Jewish rituals of death and mourning

By Laura Seymour

Dear Friends,

My columns tend to be about ways to “do Jewish” so that we can connect with Judaism and with others. We have many rituals that give us direction in how to do things; some feel that the details are not important, but our experiences are remembered in the details. This past weekend with the passing of a community hero and my dear friend and colleague, Debra Polsky, it is a good time to speak of our rituals of death and mourning. Debra was always the teacher and I know she would be happy to be a “teaching moment.” I never mean to be flippant, yet I have said that we do death and mourning in our religion well. The process from the moment of death through the mourning follows ritual designed to get us through a difficult time. As a member of our congregation’s Chevra Kadisha (burial society), I participate in the first steps of preparation and know how everything will move in an orchestrated ritual. Of course there are ways each family handles the details but the comfort comes from knowing there is a path that we can follow.

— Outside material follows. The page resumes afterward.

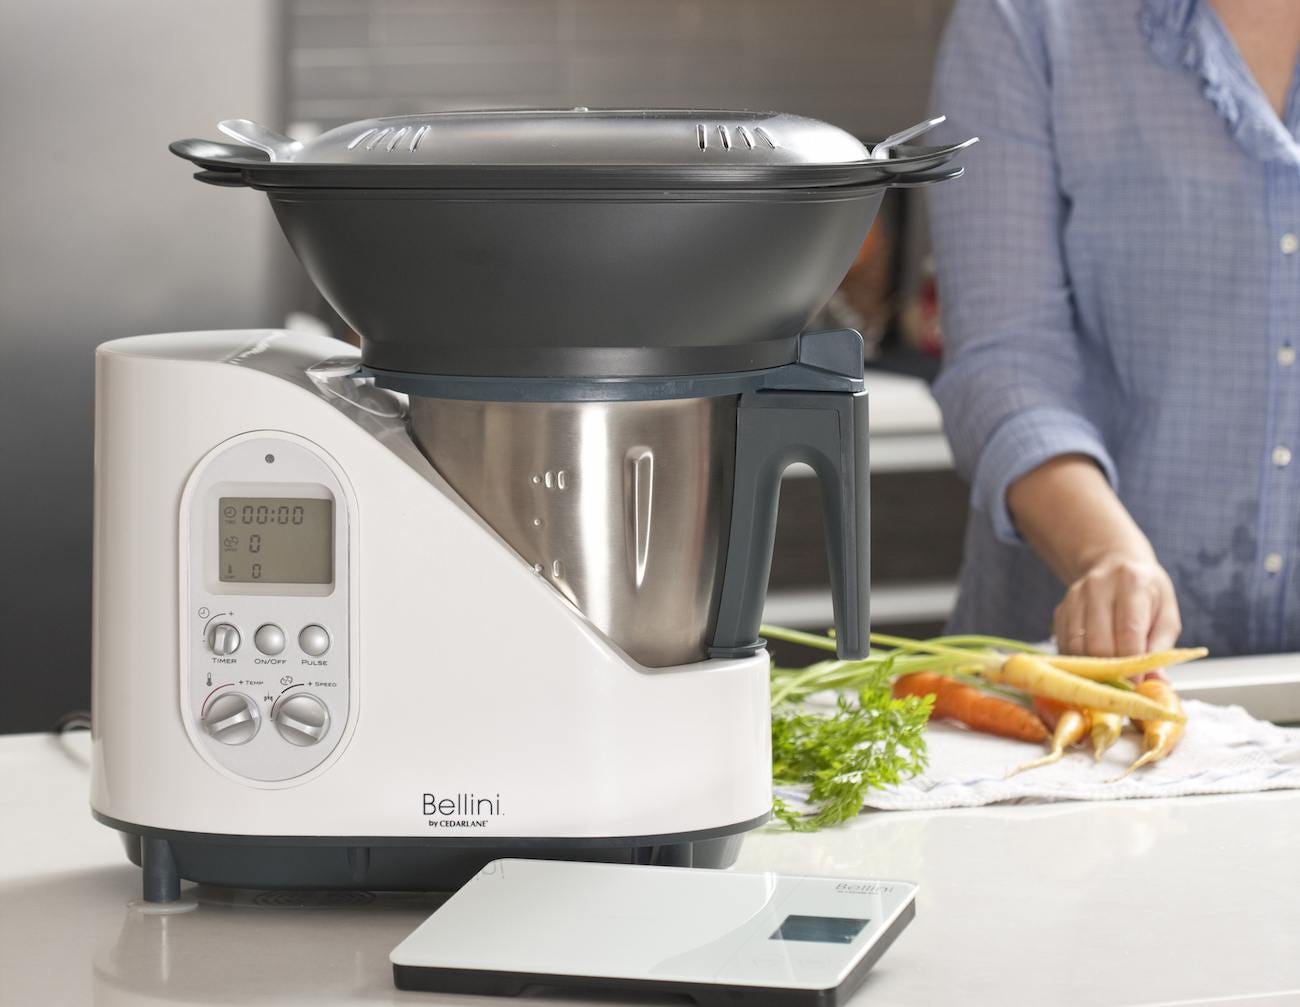 10 Smart kitchen gadgets to save you time and hassle » Gadget Flow

One of the “best” parts of how we mourn (if we can call it “best”) is the recognition that mourning takes time yet we must also move on. The tradition of shiva ending after seven days with a walk around the block demonstrates that push we often need to get back to our lives. Then we have additional markers at 30 days and then the year of saying Kaddish followed by a yearly remembrance along with holiday times to stand with community. We are a people of memory but also of hope and that is what keeps us going.

This is not a usual topic for this column as I often try to write for young families, although I know all ages read my thoughts. Death is not an easy topic and yet we cannot and should not hide this part of life from our children. I have books galore that parents often borrow (and often children’s books help even adults grieve) but I recommend talking to our children of all ages about death so it isn’t so frightening. If we wait until a death of a close friend or family member happens and then try to explain, we often are not able to talk.

There is no greater honor for us as teachers than to be a lesson for learning. Debra was one of the most dedicated and knowledgeable of all teachers I have studied with. It was an honor to learn with her. To Debra, may your memory be a blessing and inspire all of us to keep on learning…and teaching!

Laura Seymour is Jewish experiential learning director and camp director emeritus at the Aaron Family JCC.